Sayangnya kami tidak sanggup mentas di acara “Musik Santai” yang digelar FE Atma Jaya keesokan sorenya. Kami tidak mampu mentas dengan lagu yang terbatas. Kami tidak mau lagi penonton menjadi bosan, seperti bosan dengan Hotel California. Lagi pula sebenarnya kami baru saja bebas dari tekanan karena ditinggal “sang komandan”. Pada “English Night” terasa sekali tekanan berat itu. Untuk pertama kalinya kami, tanpa komando dari satu orang, maju berpadu bersama.
Setelah acara tersebut, kami vakum sebentar. Disela-sela itu, kami sedikit menyumbang hiburan dalam acara ulang tahun perkawinan tetangganya Yonas, yang ada hanya Yonas, Christi, Adi dan saya. Dan setelah itu, Christi tidak mau ikut lagi. Sepertinya diatidak terlalu suka main band.

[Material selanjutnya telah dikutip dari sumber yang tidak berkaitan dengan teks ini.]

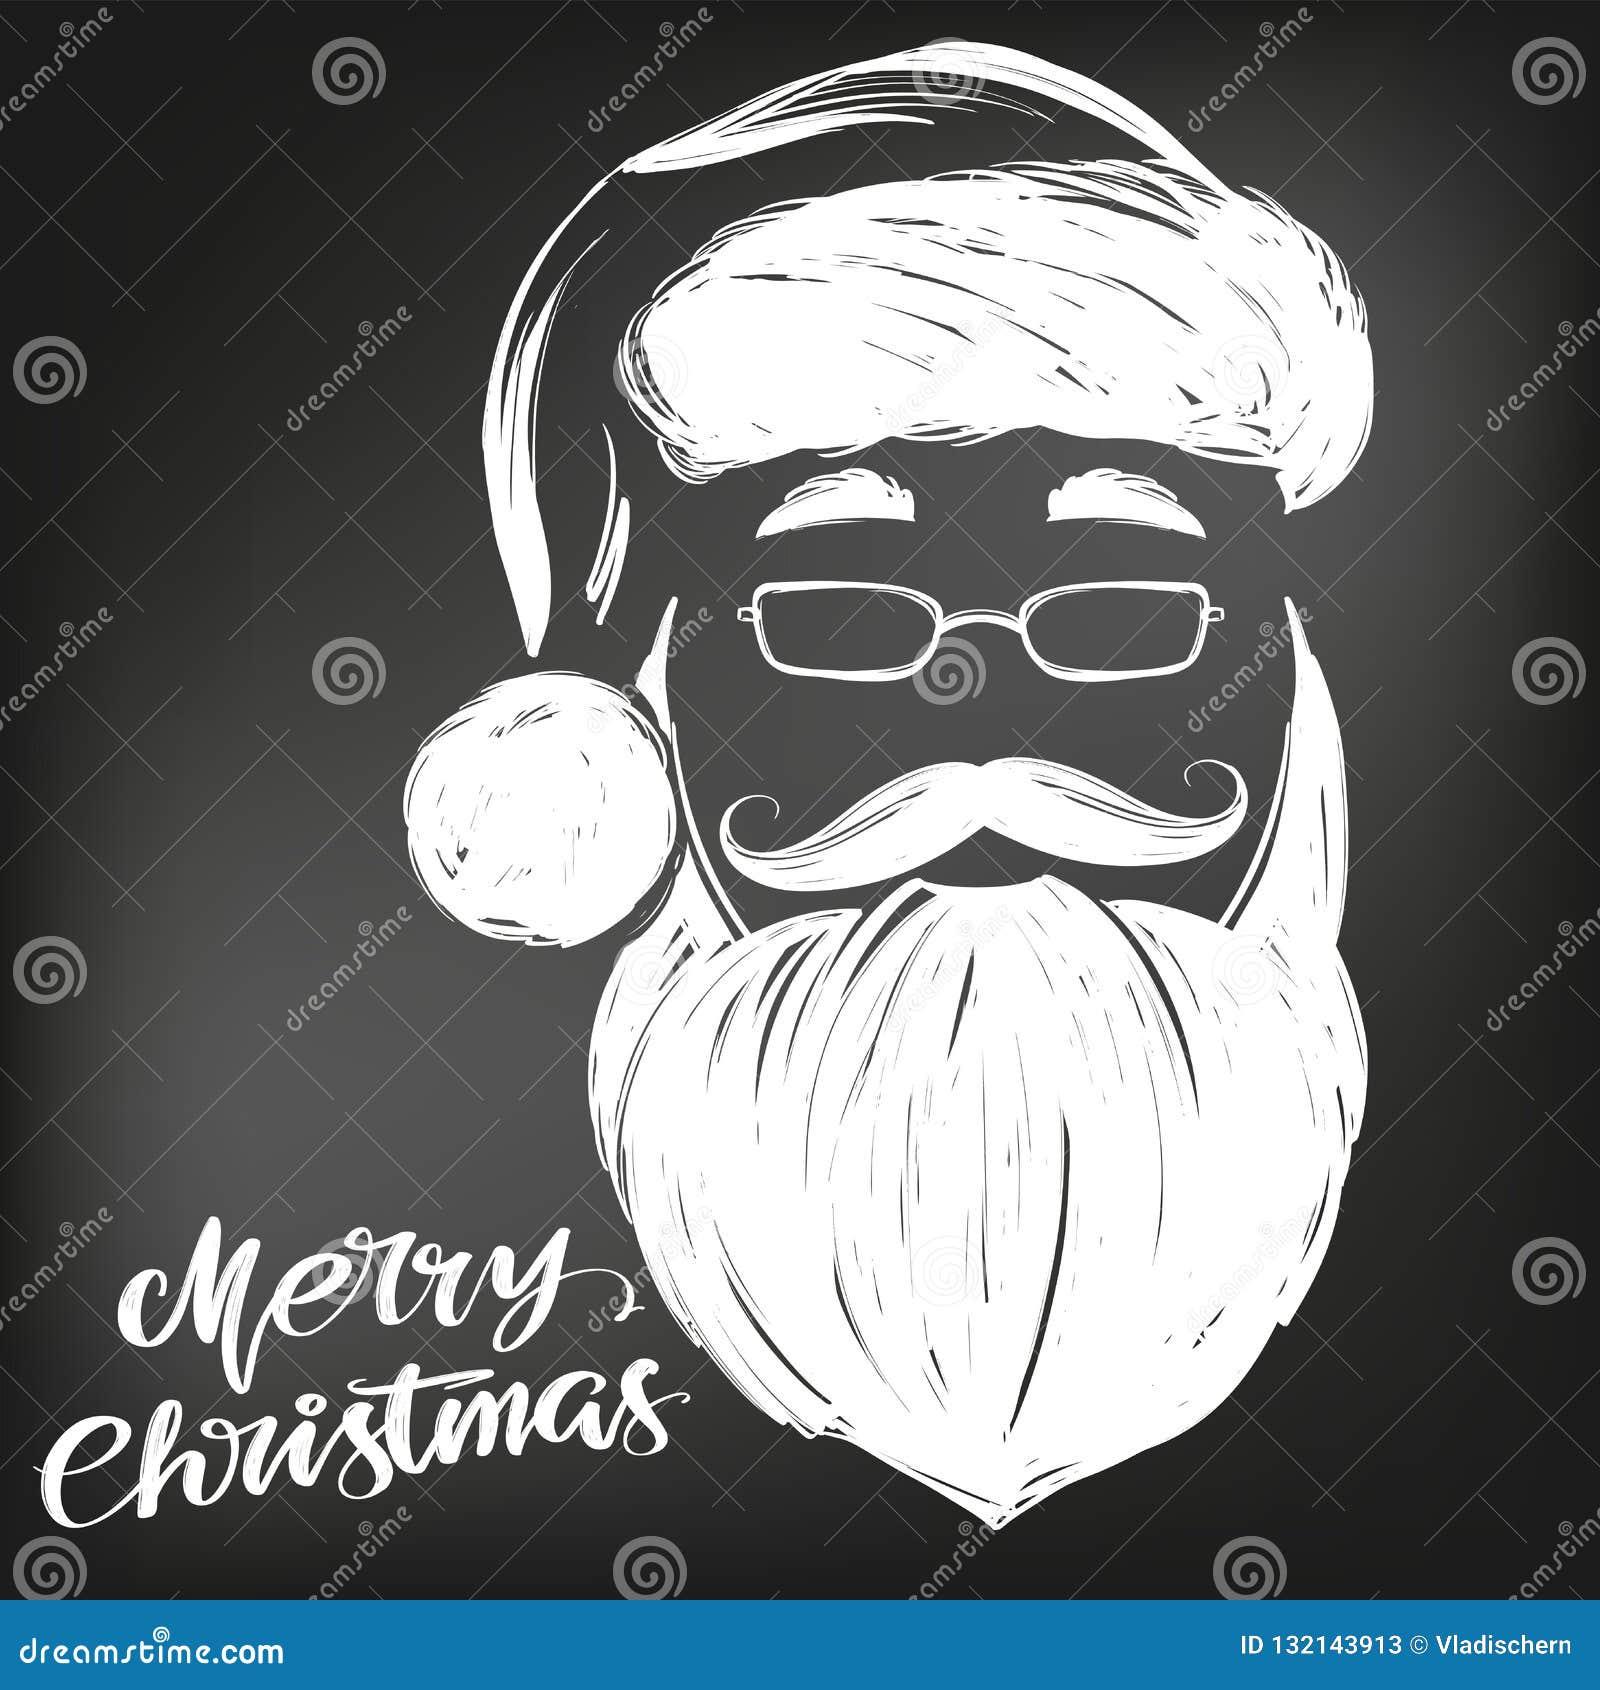 Άγιος Βασίλης, συρμένο διανυσματικό σκίτσο απεικόνισης συμβόλων Χριστουγέννων χέρι, που επισύρεται την προσοχή στην κιμωλία σε έν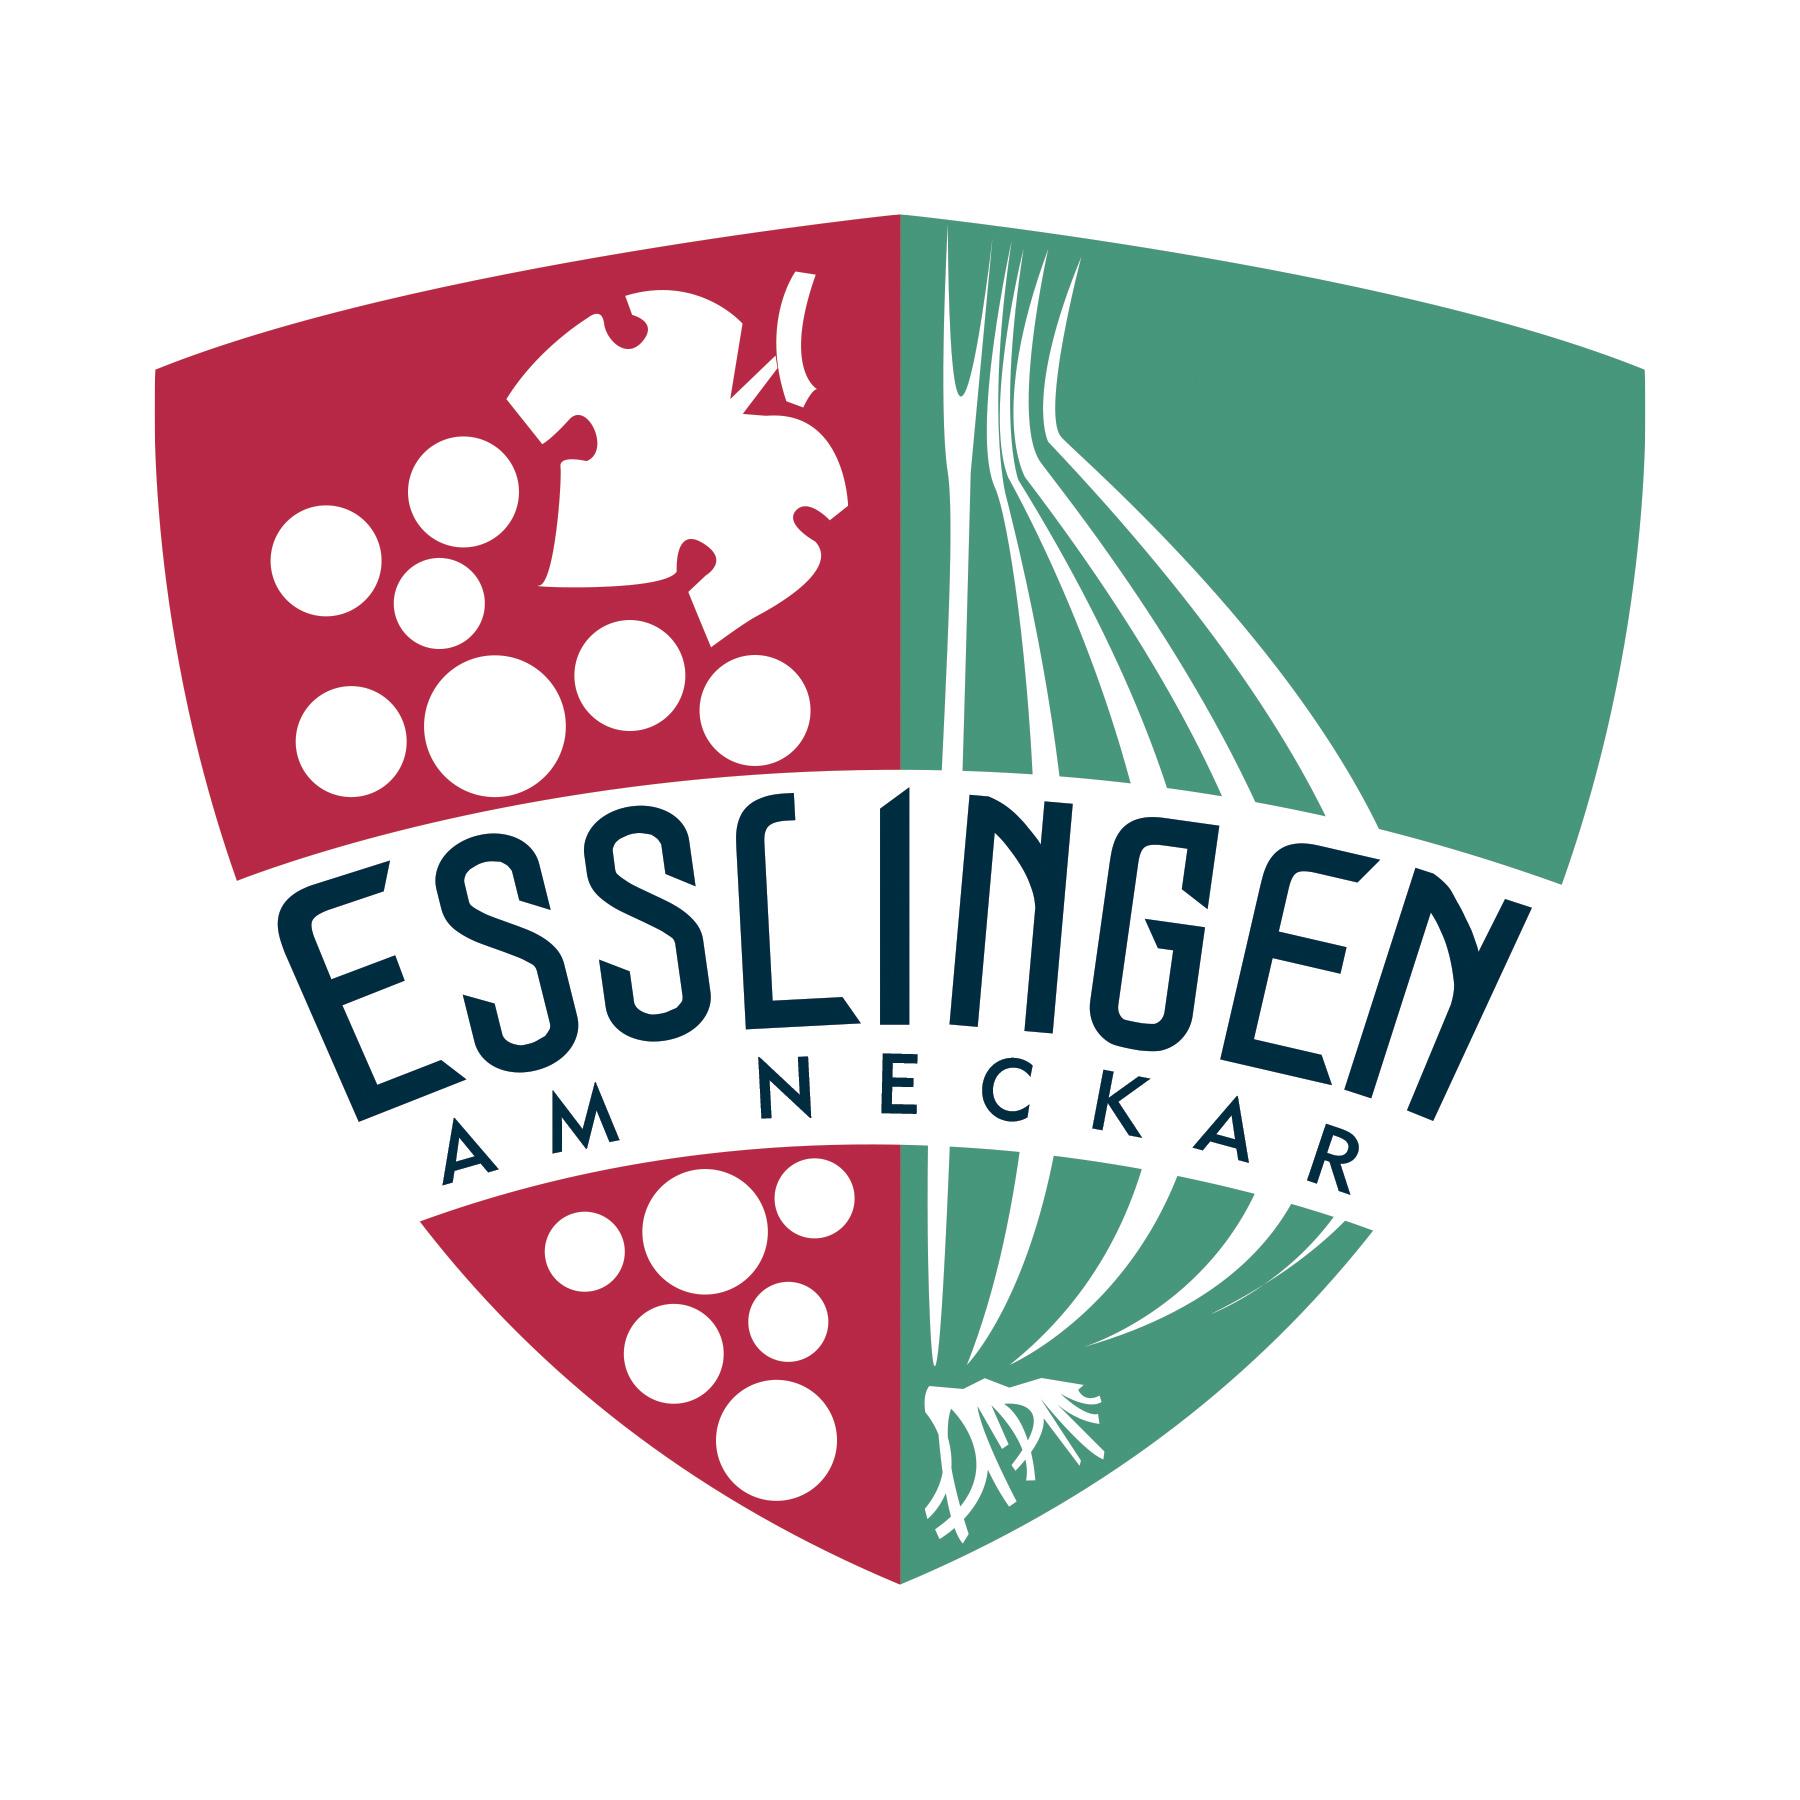 Esslingen logo.jpg

Muncul tawaran dari FE Atma Jaya untuk menjadi wakil dalam acara musik di STIE Gunung Sewu. Suatu kesempatan yang bagus untuk mentas di luar Atma Jaya. Hanya ada kesempatan main 2 lagu. Lalu formasi Acoustic Flow berubah lagi. Yonas beralih main piano/keyboard. Untuk posisi gitar masuk Adhit yang semasa esema juga teman saya dan Yonas main band. Akhirnya kita menyuguhkan Obladi Oblada dari The Beatles dan Yogyakarta. Lagu yang disebut terakhir kami bawakan lagi karena kali ini kami mentas di luar Atma Jaya yang belum pernah melihat kami membawakannya. Tapi ternyata acara musik itu adalah semacam ‘pesta musik alternatif’ dengan musik-musik alternatif dan penonton yang ‘menari’ gaya moshed. Jadinya musik Acoustic Flow adalah “alternatif” dari musik alternatif yang ada hari itu. Sambutannya adem. Dan untuk tidak mendapt sambitan.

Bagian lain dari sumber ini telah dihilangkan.